Jaspan had a few nice little metaphors to throw in as well. A Sunday newspaper is different, staff recall him saying, because the reader isn’t reading their paper on the train or over a hurried breakfast, they are reading the paper over a leisurely lunch, or at home on the couch, or even naked, in bed. “Arouse them!” Jaspan hollered. Sunday papers, Jaspan knew, relied on an element of "theatre" – journalism is the lowest rung of show business after all – so the Sunday Herald needed to stand out, be different and make readers stop and think.

Finally, Jaspan, told his team, everything could be boiled down to the four "I’s" – the paper must be independent of thought, intelligent, international in outlook and, when needed, irreverent to authority.

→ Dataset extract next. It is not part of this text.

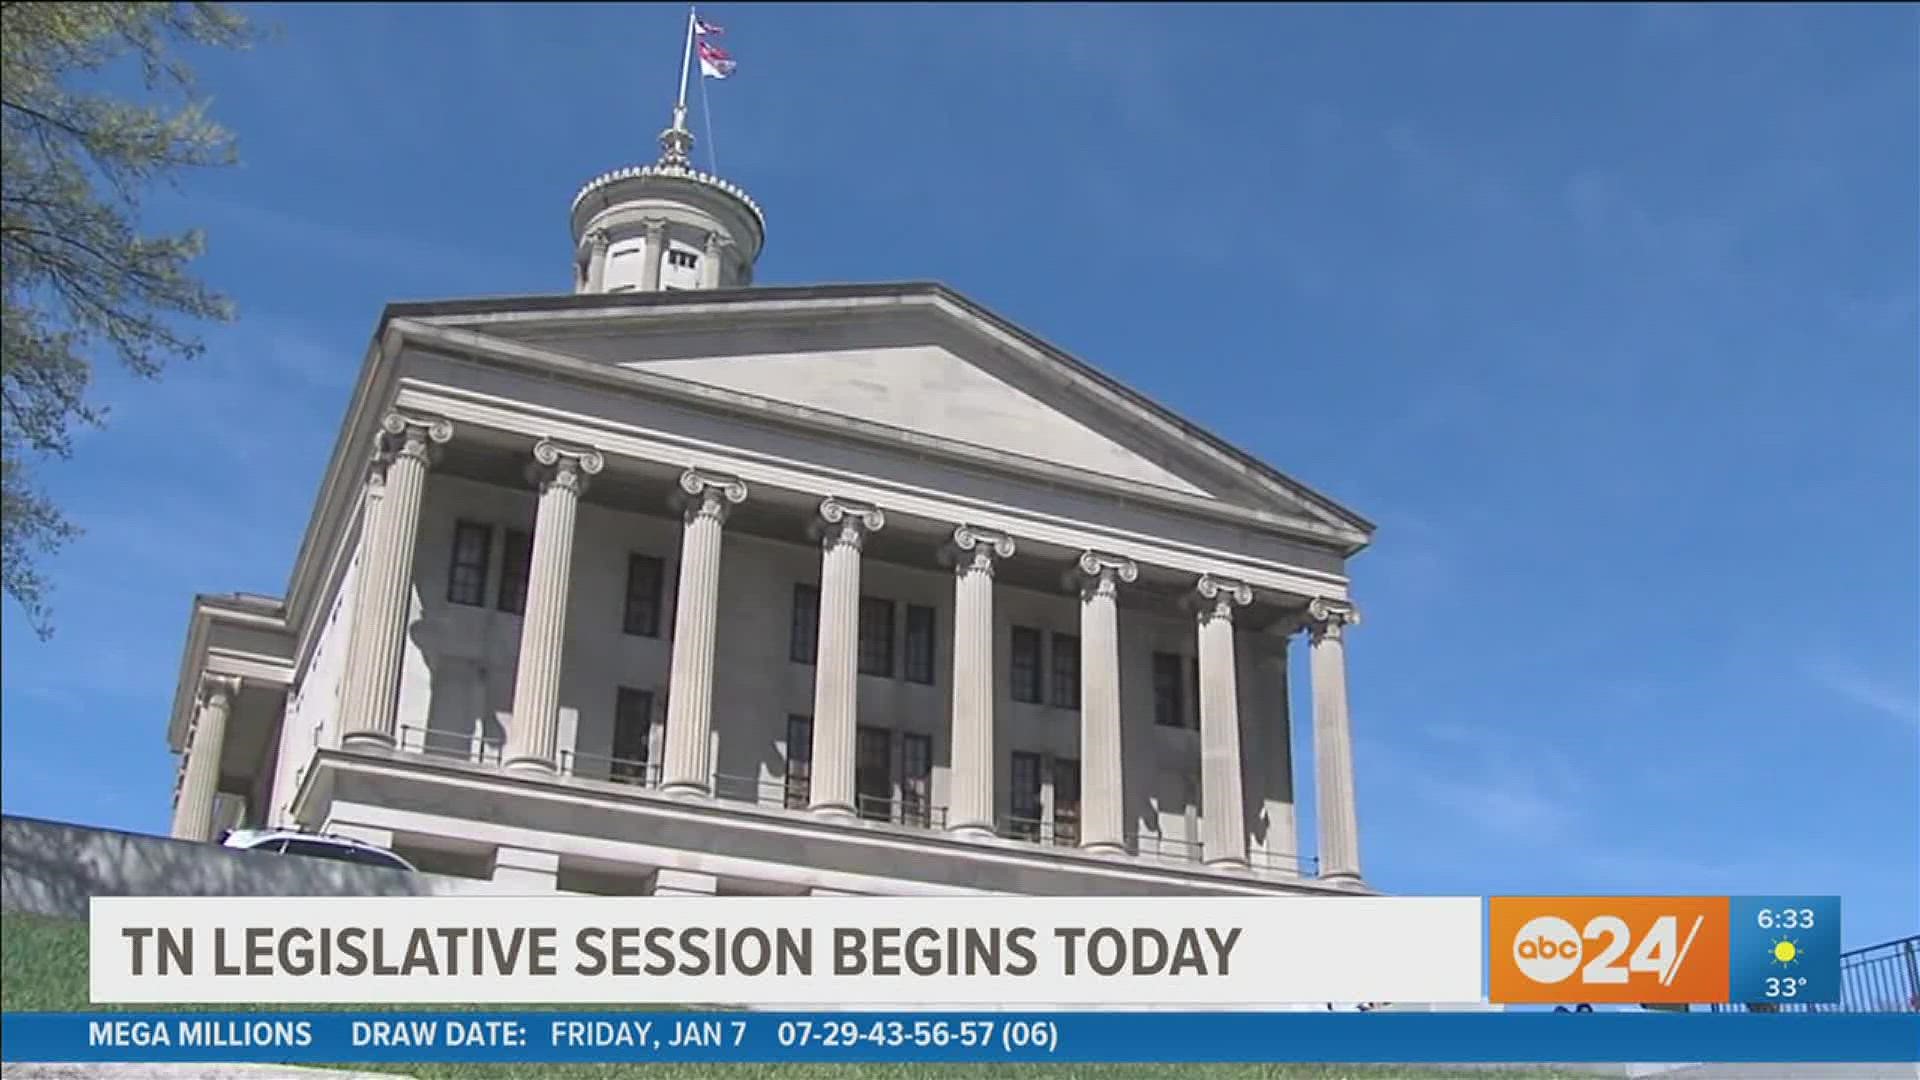 Memphis representatives share goals for legislative session

That was it – the staff had a few weeks to go before the revised launch date, February 7 1999, so they better go off and start finding stories and thinking up some good ideas. The next two Sundays saw the team work on two dummy editions of the paper, making sure the production system was right, that stories were being filed on time, and that the whole thing knitted together in one seamless chain from newsroom to corner shop. There was one casualty in those few weeks before the paper went live – a section head who was just a little bit out of their depth, and left before the heat in the kitchen got too hot for them. My one abiding memory of this time is of being cheated out of a cracking story I’d written making it onto the news stands. Our final dummy paper was to have a print run of less than 100 so staff – and only staff – could see what an actual physical edition of the Sunday Herald would look like. We spent Saturday as a live news day – each of us doing our jobs as if the paper would be in the shops the next morning. My beat was crime and terrorism. Around noon, I got a call that a big paramilitary player in Northern Ireland had been killed. I hit the phones and got details on the murder, the killers, the motive, pictures – the lot. The execs decided the story was the splash – but it was a splash that would never see the light of day.